The district sold the option to Lehman for an up-front fee of about $8 million, equal to the savings it would have gotten if it had done an ordinary advance refunding. Lehman paid about $2.6 million immediately, with the remainder put in escrow at the authority's request until the option is exercised or expires.

Lehman sold the option to two institutional investors for an undisclosed sum.

In 1996, near the call date of the outstanding bonds, the investors may or may not exercise their options. Regardless, the district has captured the savings of an advance refunding.

If rates are higher in 1996, the mock issue of bonds will be worth less than when the option was written and the investors would be unlikely to exercise the options. Modesto's current $116 million bond issue would remain outstanding.

But if rates are lower in 1996, the mock issue of bonds will be worth more and the investors would be likely to exercise their options. Modesto would issue $134 million of new bonds, adhering to the terms and yields in the option documents, and use the proceeds to call the old $116 million issue.

Although the $134 million of bonds would be issued at rates above the then current rates, the district would be in the same position if it had done an ordinary advance refunding this year.

"You can play a lot of what-if games, but rates are lower than they have been in a long time," said the authority's treasurer, De La Cruz. "We set a target for savings and we met it doing this type of transaction."

For investors, the option helps hedge against reinvestment risk, according to Lehman Brothers officials.
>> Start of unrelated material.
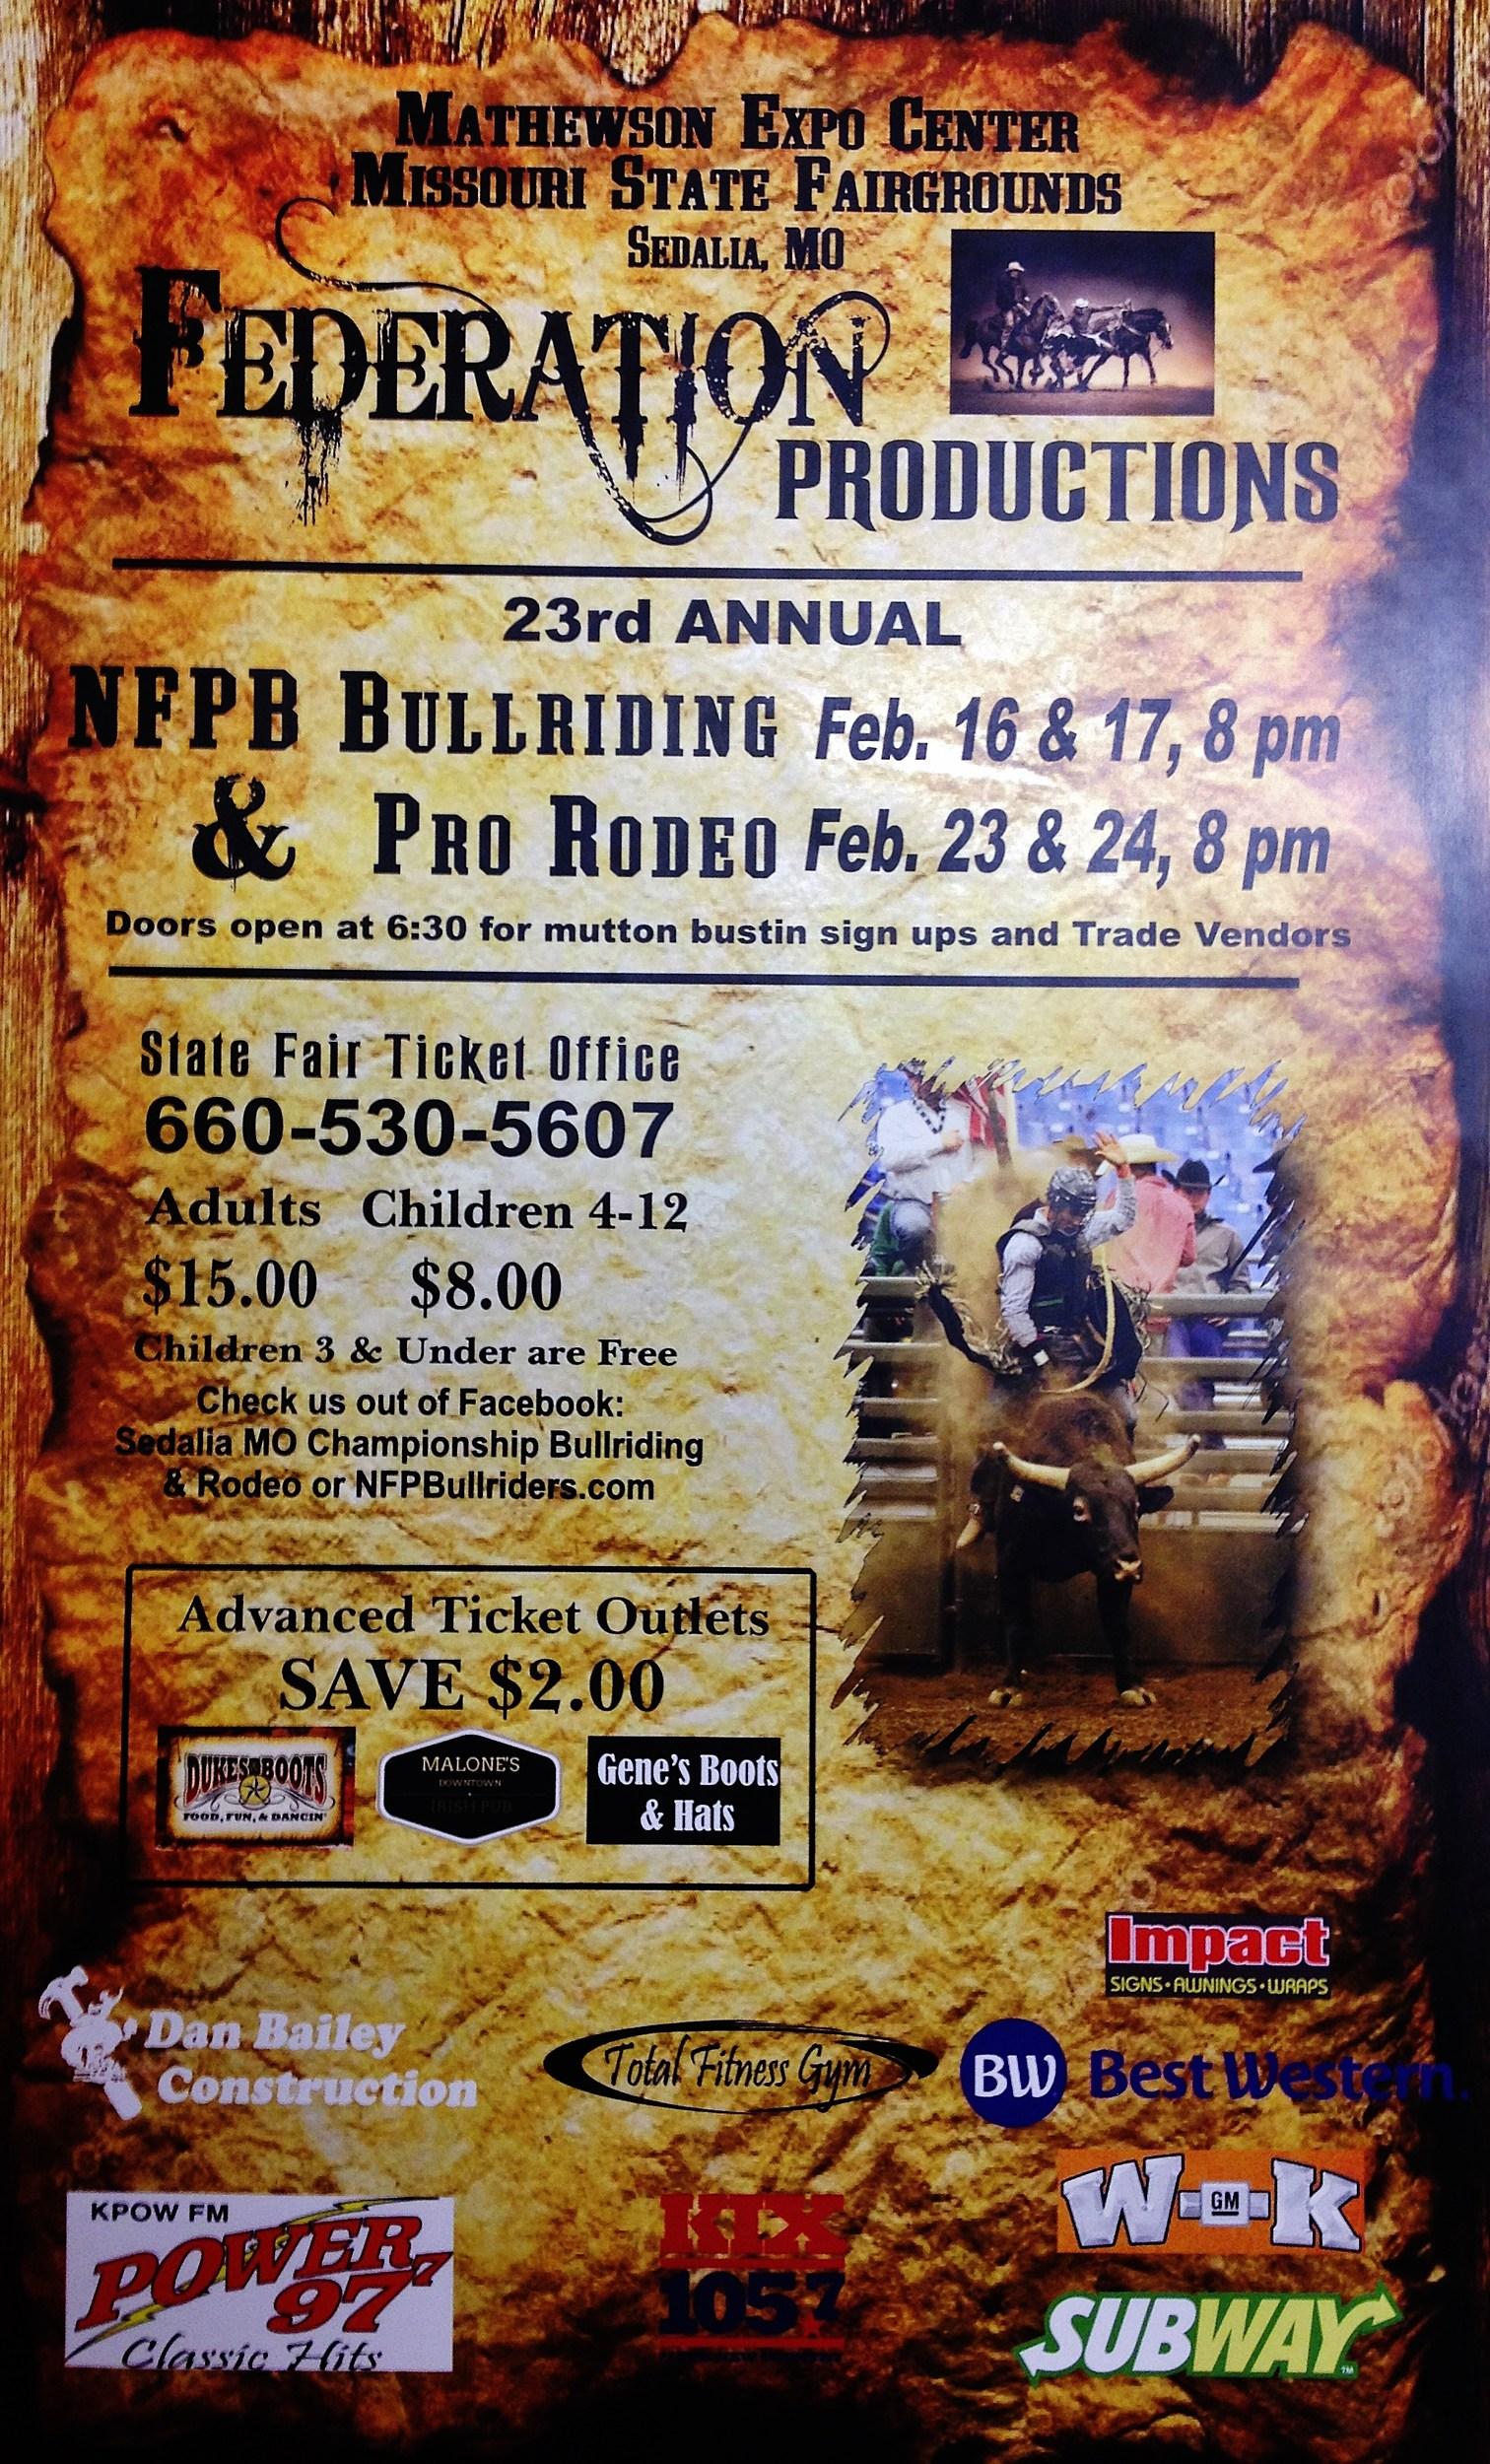 Bullriding Amp Pro Rodeo Coming To Missouri State Fairgrounds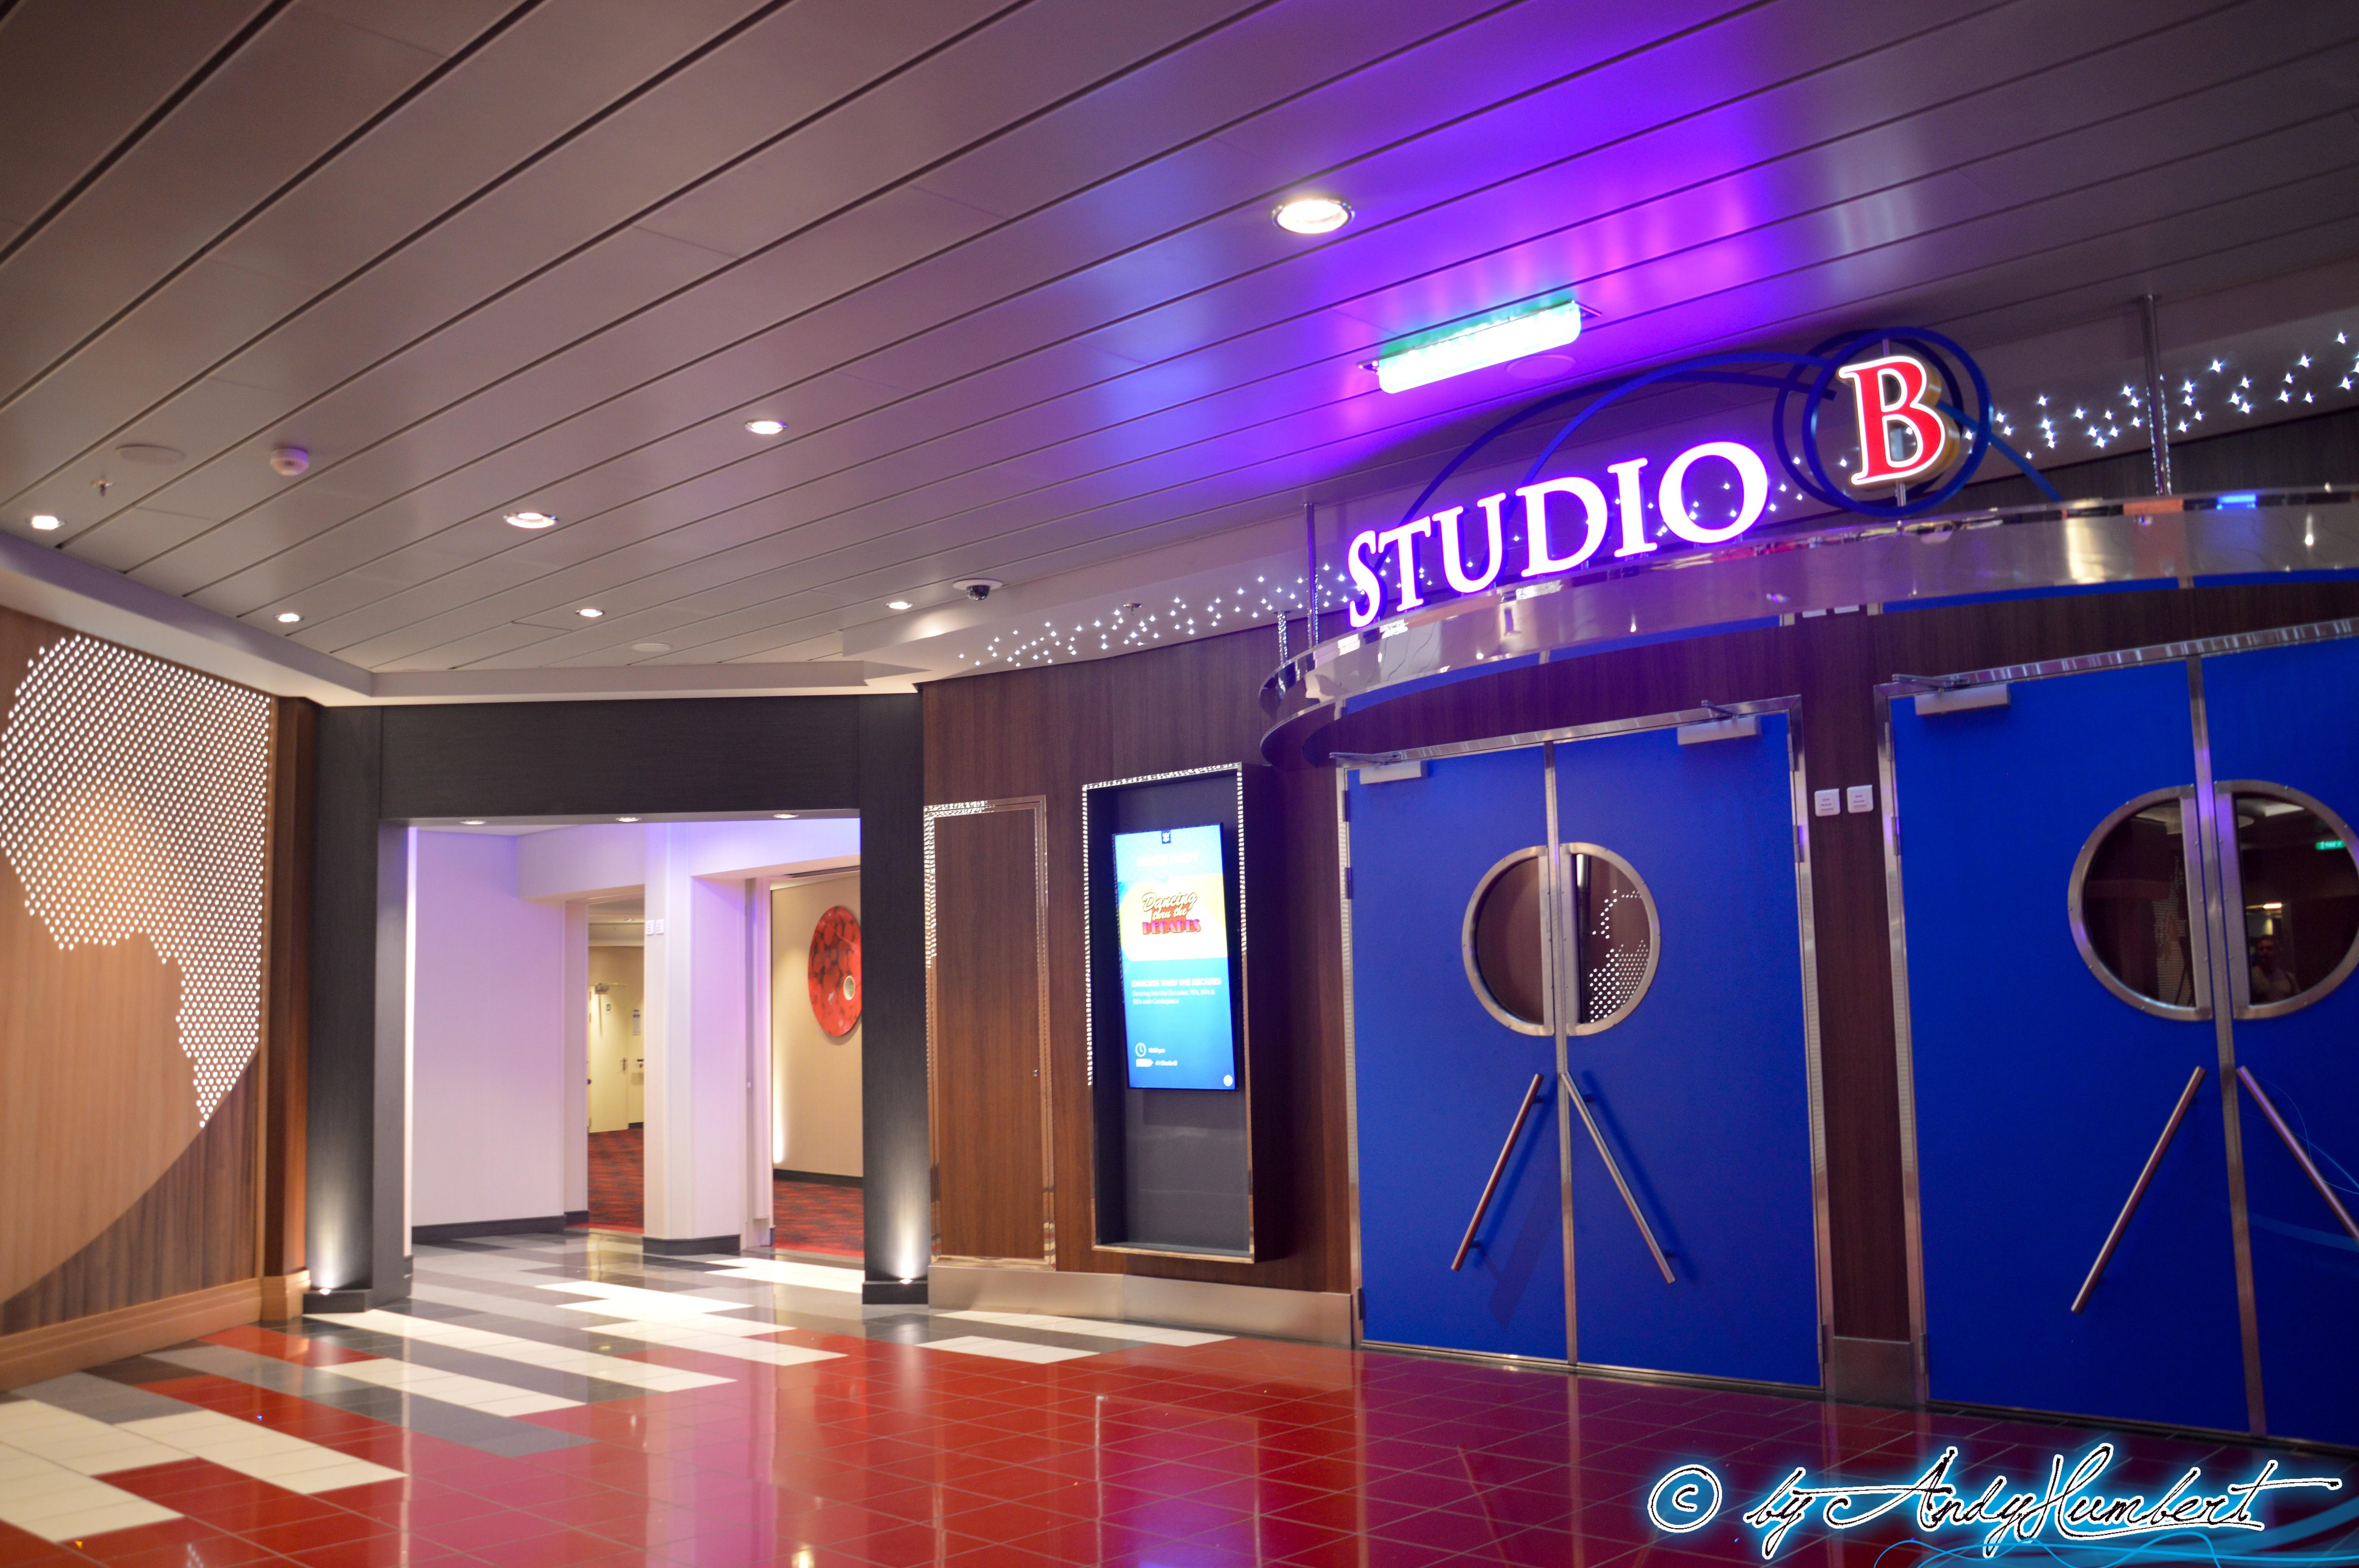 Studio B (ponts 3 & 4)

An investor may have high-coupon bonds maturing or pre-refunded bonds being called away in the next few years. Either way, the investor must reinvest the returned principal. The investor knows today when the money will be returned but doesn't know what rates will be available for reinvesting in the future.

If rates are higher when the principal is returned, the investor can reinvest at high rates. But if rates are lower, the investor will have a big dropoff in income after reinvesting.

"The option allows the investor to hedge against reinvesting in a low rate environment," said Gary Gray, managing director at Lehman Brothers. "They know they will have the assets roll off and [with the option] they know the minimum rate they have for reinvesting."

The district also considered a synthetic refunding using a swap and forward bond issue. At first, both transactions would have met the district's savings target. But since the municipal market outperformed the Treasury market in the second quarter, the swap became more expensive and the district opted for the option deal.

The value of the option is more than the amount Lehman paid the authority, market participants said. Lehman profits by buying the option for about $8 million and selling it to investors at its theoretical value.

"Obviously, we wouldn't be buying an asset whose value is less than what we're paying," Lehman's Gray said. "In a new market, there will be differences among participants as to what this asset will be worth."

Gray declined to reveal how much Lehman sold the option for, but said that the authority was told the price.

The value of most options can be derived using the Black-Scholes pricing model. The model requires five variables: the current value of the underlying security, the exercise price, the time until expiration, the interest rate on a "risk free" investment, and the expected volatility in the value of the underlying security.

The amount by which the current value of the underlying security exceeds the exercise price is known as the intrinsic value of the option. All other things being equal, the model values the option higher the longer the time until expiration, the higher the "risk free" interest rate, or the higher the expected volatility.

Since Modesto's mock bonds were priced at the current market value, the intrinsic value of the option was probably zero, market participants said. But given the long time until expiration and the high volatility in the current market, the option still has considerable value.

Several other issuers are considering the sale of a call option to capture the savings of an advance refunding, market participants said. And at least three other firms in addition to Lehman are said to be shopping similar structures to issuers.